Functionalization of carboxylated multiwall nanotubes with imidazole derivatives and their toxicity investigations.

Imidazoles and their derivatives are compounds with chemotherapeutic applications. In this study, we investigated the chemical functionalization of carboxylated multiwalled carbon nanotubes (MWNT-COOH) by 1,2-phenylendiamine. Multiwalled nanotube (MWNT)-benzimidazole was obtained by an MWNT-amide reaction with POCl(3) after 72 hours, which was confirmed by Fourier transform infrared, scanning electron microscopy, thermal gravimetric analysis, and elemental analysis. These functionalizations were chosen due to -NH(2) and NHCO active sites in MWNT-amide for future application. Toxicity assays with fibroblast cells and MTT test for measurement of viable cell numbers were also performed. Cellular results did not show any toxicity change in modified samples from that of the reference samples.

Introduction

Incorporation of imidazole and benzimidazole nuclei is an important synthetic strategy in drug discovery.1 Observations suggest that substituted benzimidazoles and related heterocycles, which are the structural isosteres of nucleotides owing to fused heterocyclic nuclei in their structures, allow them to interact easily with biopolymers, and possess potential activity with lower toxicity in the chemotherapeutic approach in man.2,3 The high therapeutic properties of related drugs have encouraged medicinal chemists to synthesize a large number of novel chemotherapeutic agents. The anti-tumoral activity of benzimidazole and its components have been reported in several studies. Furthermore, there are clinical anticancer drugs, known as Hoechst-33258 and Hoechst-33342 dyes, which include a benzimidazole structure.4,5 Carbon nanotubes have been attracting increasing attention from chemists and scientists owing to their electronic, mechanical, optical, and chemical characteristics.6–8 Biomedical applications for MWNTs are being investigated actively because of their useful combination of size and physicochemical properties.9–13 In patients with cancer, MWNTs have potential roles in delivering pharmacologic agents, as diagnostic imaging agents, DNA, silent interfering RNA, oligonucleotides, and proteins to detect or treat cancerous cells.14–16 The application of functionalized carbon nanotubes as new nanovectors for drug delivery was apparent immediately after the first demonstration of the capacity of this material to penetrate into cells. Carbon nanotubes can be used to deliver their cargoes to cells and organs. Two papers17,18 detail the potential use of MWNTs to treat several types of cancer, with minimal or no toxic effects to normal cells.

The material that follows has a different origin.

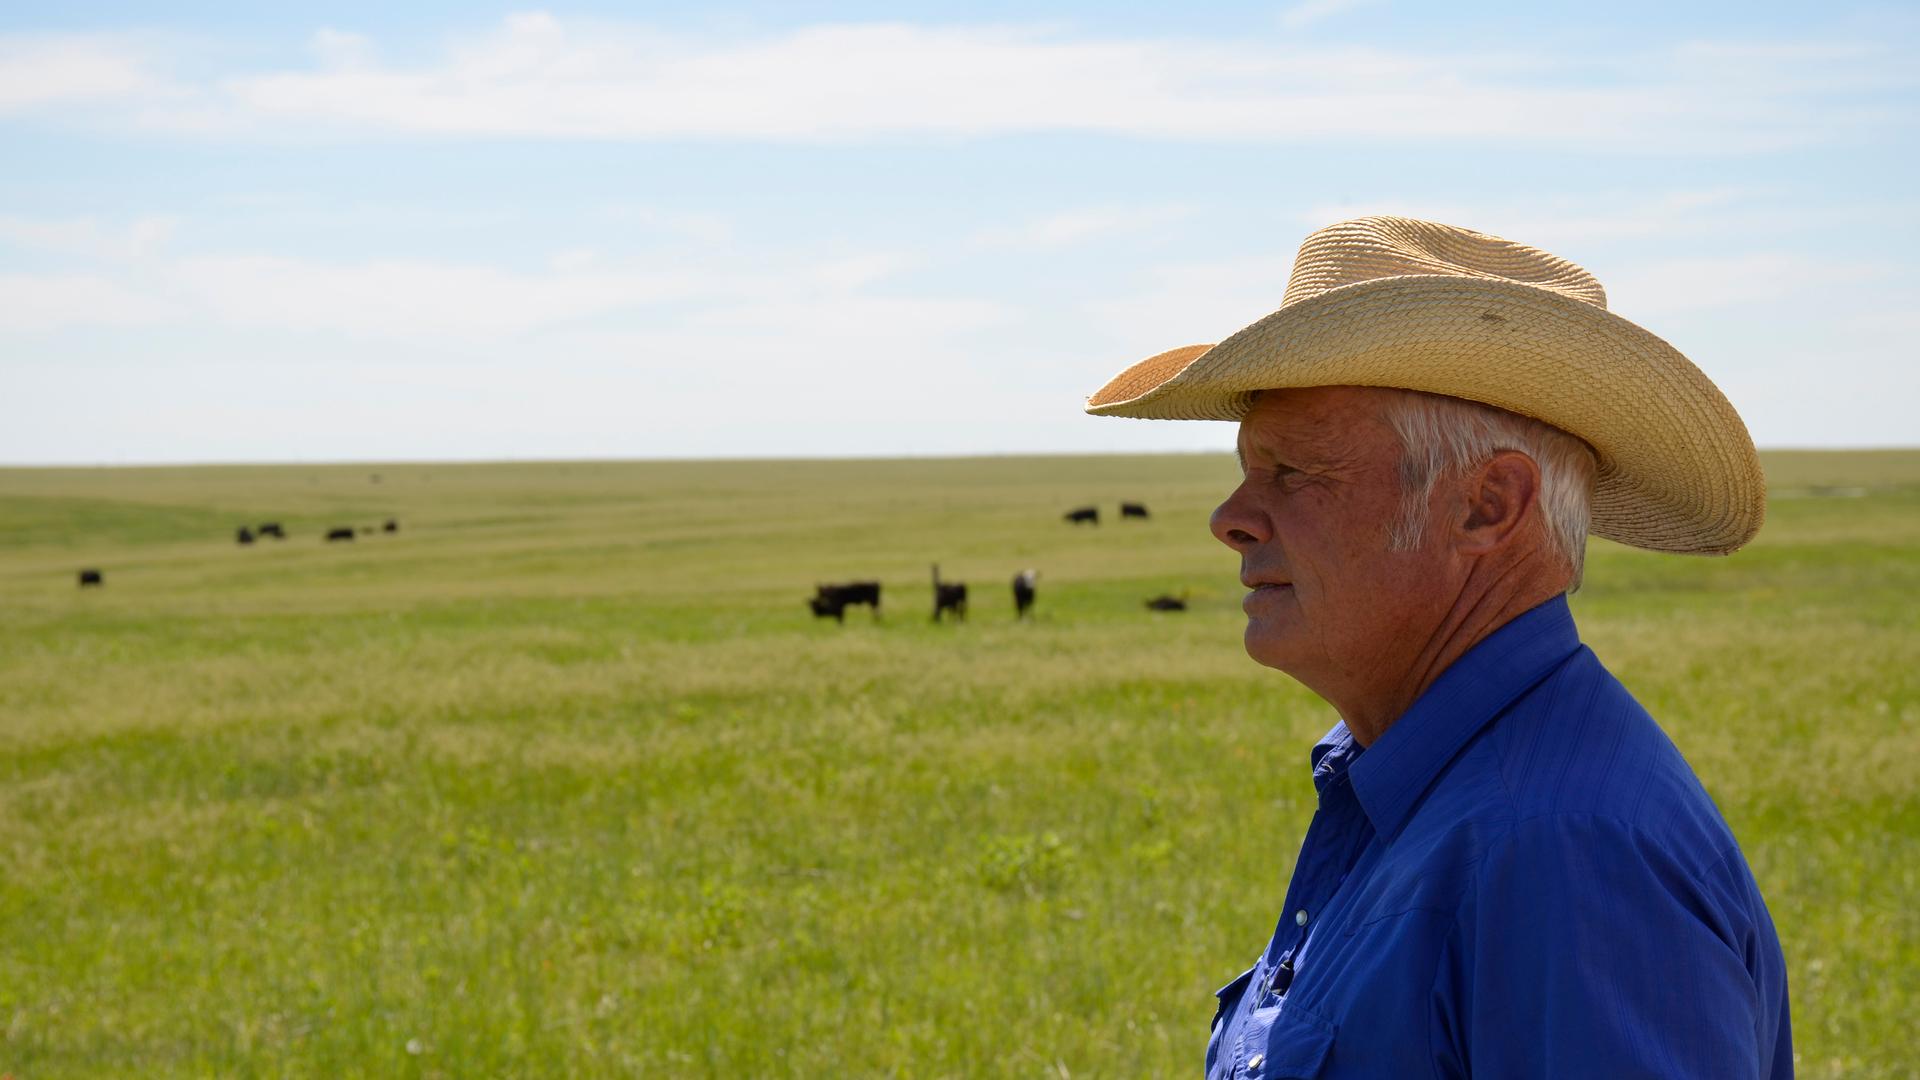 Kenny Fox at his cattle ranch in Belvidere, South Dakota. Fox, who is a third-generation South Dakota rancher, would like his sons to be able to continue in his footsteps, but worries that the economics are making it too difficult.

Compounds such as imidazole are also well known antitumor agents.19–22 Carbon nanotubes also show good antitumoral effects. These materials can diffuse into cells and destroy DNA. Functionalization of carbon nanotubes with imidazole derivatives can leave mutual effects on cancerous cells. In recent years, chemical functionalization of carbon nanotubes has become more interesting because it allows modification of the nanotube surface for subsequent alignment. These surface modifications play an important role for application of nanotubes in composite sensors and many other fields. The chemical modifications of carbon nanotubes have been well summarized in several published review articles.23–29 Amines are among the reagents that have drawn the greatest attention. Haddon et al pioneered the approach of functionalizing the carboxylic groups of carbon nanotubes through amidation with amines bearing long alkyl chains.30–33 On the other hand, acid-chloride-functionalized carbon nanotubes are used for attaching glucosamine34 and didecylamine.35 Amidation of carbon nanotubes has also been carried out with aromatic amines.36–38 In this paper, we investigated the formation of a pentaheterocyclic, MWNT–benzimidazole, on MWNT nanotubes, in addition to developing the amidation of MWNT with bifunctional aromatic amines. Functionalized carbon nanotubes were characterized by Fourier transform infrared (FT-IR), scanning electron microscopy (SEM), thermal gravimetric analysis (TGA), elemental analysis, and toxicity assay.

Materials and methods

Preparation of MWNT–amide

MWNT–COOH 60 mg (20–30 nm; Netvino Co. Ltd) were sonicated in 90 mL of N,N-dimethyl formamide (DMF) for 45 minutes to give a homogeneous suspension. Oxalyl chloride (2.5 mL) was added dropwise to the MWNT suspension at 0°C under nitrogen. The mixture was stirred at 0°C for two hours and followed at room temperature for the same duration. Finally, the temperature was increased to 70°C and the mixture was stirred overnight to remove excess oxalyl chloride. 1,2-phenylendiamine 100 mg dissolved in DMF was added to the MWNT suspension and the mixture stirred at 95°C for 72 hours. After cooling to room temperature, the mixture was filtered and washed thoroughly with DMF, ethyl alcohol, and tetrahydrofuran. Subsequently, the black solid was vacuum-dried at room temperature for five hours.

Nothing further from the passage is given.